DIFFERENT ION CHANNELS AND THEIR AFFECT ON THE ACTION POTENTIAL

1) VENTRICULAR ACTION POTENTIAL​​

• The Phase 0 of ventricular action potential is brought about by fast voltage gated sodium channels. This phase is referred to as the upstroke of action potential and corresponds to the QRS complex of the ECG.

• At the end of depolarization, there is a brief fall in the voltage of action potential as a result of opening of transient chloride and potassium channels. This isPhase 1 of the depolarization. Fast sodium channels transition to their inactivated state.

• L-type Calcium channels open in the Phase 2 of action potential. The inward calcium current balances the outward potassium current and there’s little change in membrane potential, which explains the plateau. During this plateau phase no change in the voltage is registered. Phase 2 or the plateau phase of the ventricular action potential corresponds to ST segment of the ECG.

• Phase 3 corresponds to repolarization during which Potassium channels open in response to voltage and ion concentration difference. By this time L-type Calcium channels, which were open during the plateau phase, have also closed. Repolarization corresponds to the T-wave on the ECG. Inward Potassium current enters via the:

▪ IK1 channels: Inward rectifying K channel 

▪ IKR channels: Slow and rapid delayed rectifying K channel 

• The action potential is brought back to the resting membrane potential (RMP) or Phase 4. The sodium-potassium ATP-ase is responsible for the maintenance of RMP until the arrival of the next action potential. Fast Na+, L-type Ca2+, and rectifying K+ channels (IKR) close, but IK1 channels remain open.

2) NODAL ACTION POTENTIAL

It’s important to understand that the nodal tissue (SA and AV) lacks fast Na+ channels. Thus, the upstroke of the action potential is mediated by inward calcium current rather than the sodium current. In addition, note that phases 1 and 2 are absent in the nodal tissue.

• The RMP (Phase 4) in nodal tissue is kept at -55mV by the Na-K ATPase pump. The less negative RMP of nodal tissue, compared to -70mV of ventricular tissues, allows it to exhibit automaticity. At -55mV, the fast sodium channels (also known as 'funny' channels) are in a semi-open state which causes leakage of positive ions into the nodal cells. Leakage of ions causes an increase in the membrane potential in a positive direction.

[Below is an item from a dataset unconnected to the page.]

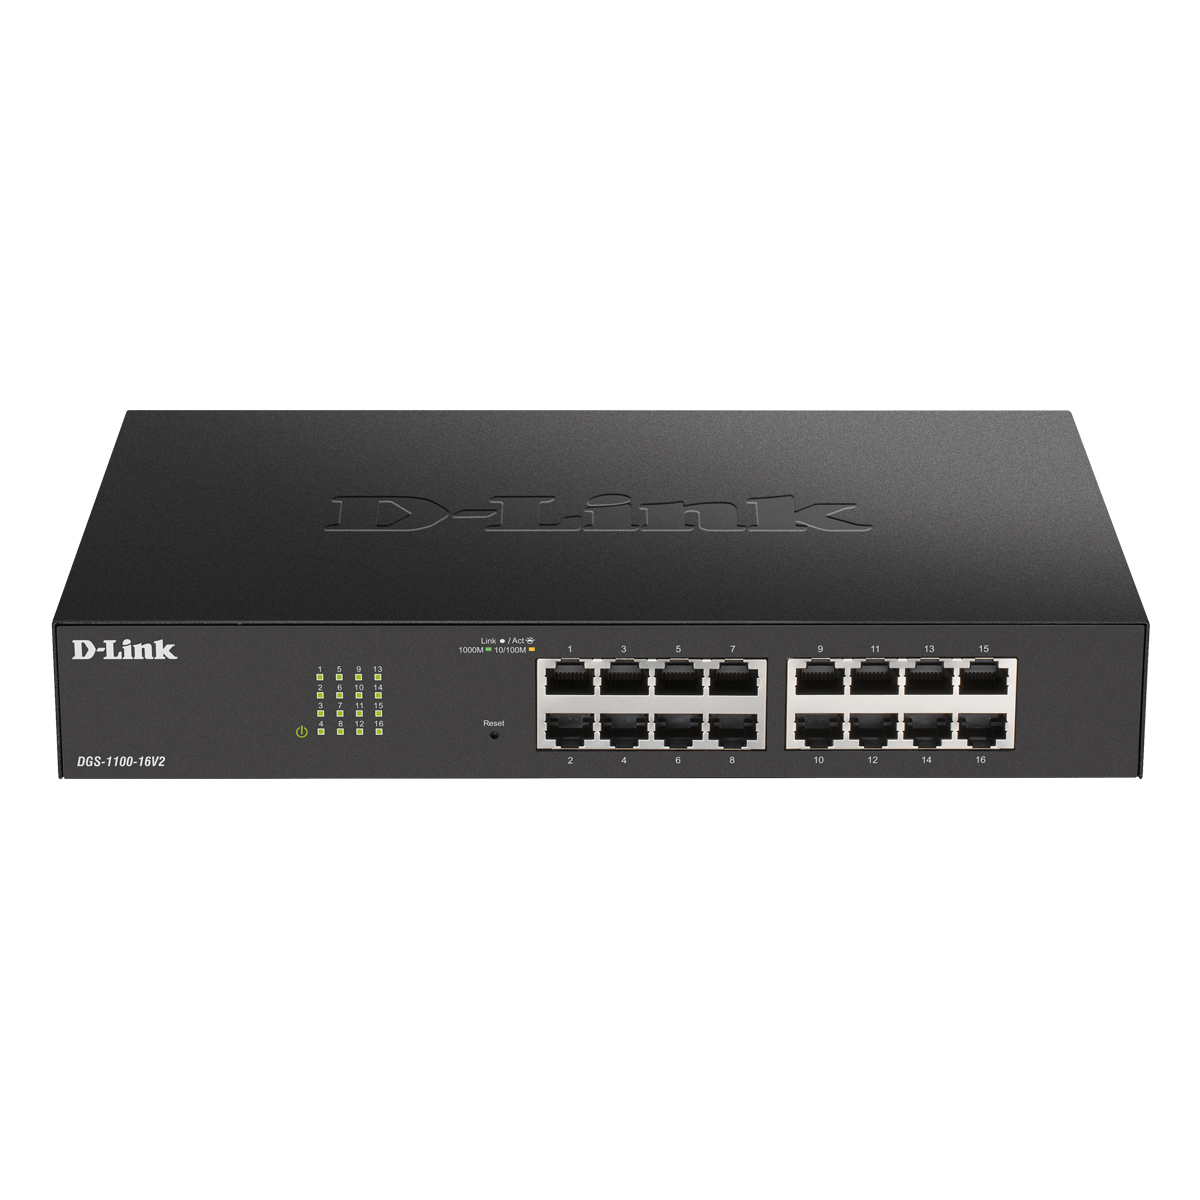 D-Link DGS-1100-16V2 Smart Managed Switch 16x Gigabit Ethernet von D-Link

The membrane potential gradually increases to -40mV. Upon reaching this threshold potential, the sodium channels close and remain closed for the rest of the action potential as they enter a state of refractoriness. 

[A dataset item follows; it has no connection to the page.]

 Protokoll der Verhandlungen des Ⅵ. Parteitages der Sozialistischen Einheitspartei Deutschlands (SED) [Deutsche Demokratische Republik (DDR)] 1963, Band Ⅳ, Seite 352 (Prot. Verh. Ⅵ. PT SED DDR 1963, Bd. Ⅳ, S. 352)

• At this point the slow-gated T-type calcium channels open which creates the spike of depolarization (Phase 0). These differ from the L-type calcium channels (in the ventricular tissue) in that they open at a more negative membrane potential (-70 mV).The calcium ions that enter the cells during this phase are also involved in excitation-contraction coupling of the myosin light chains with actin filaments. 

• Repolarization (Phase 3) in nodal tissue is similar to that of ventricular muscle fibers. Inward Potassium current enters via the IK1 & IKR (rectifying K currents) channels. The fall in membrane potential will result in activation of the sodium-potassium ATPase and the cycle is repeated.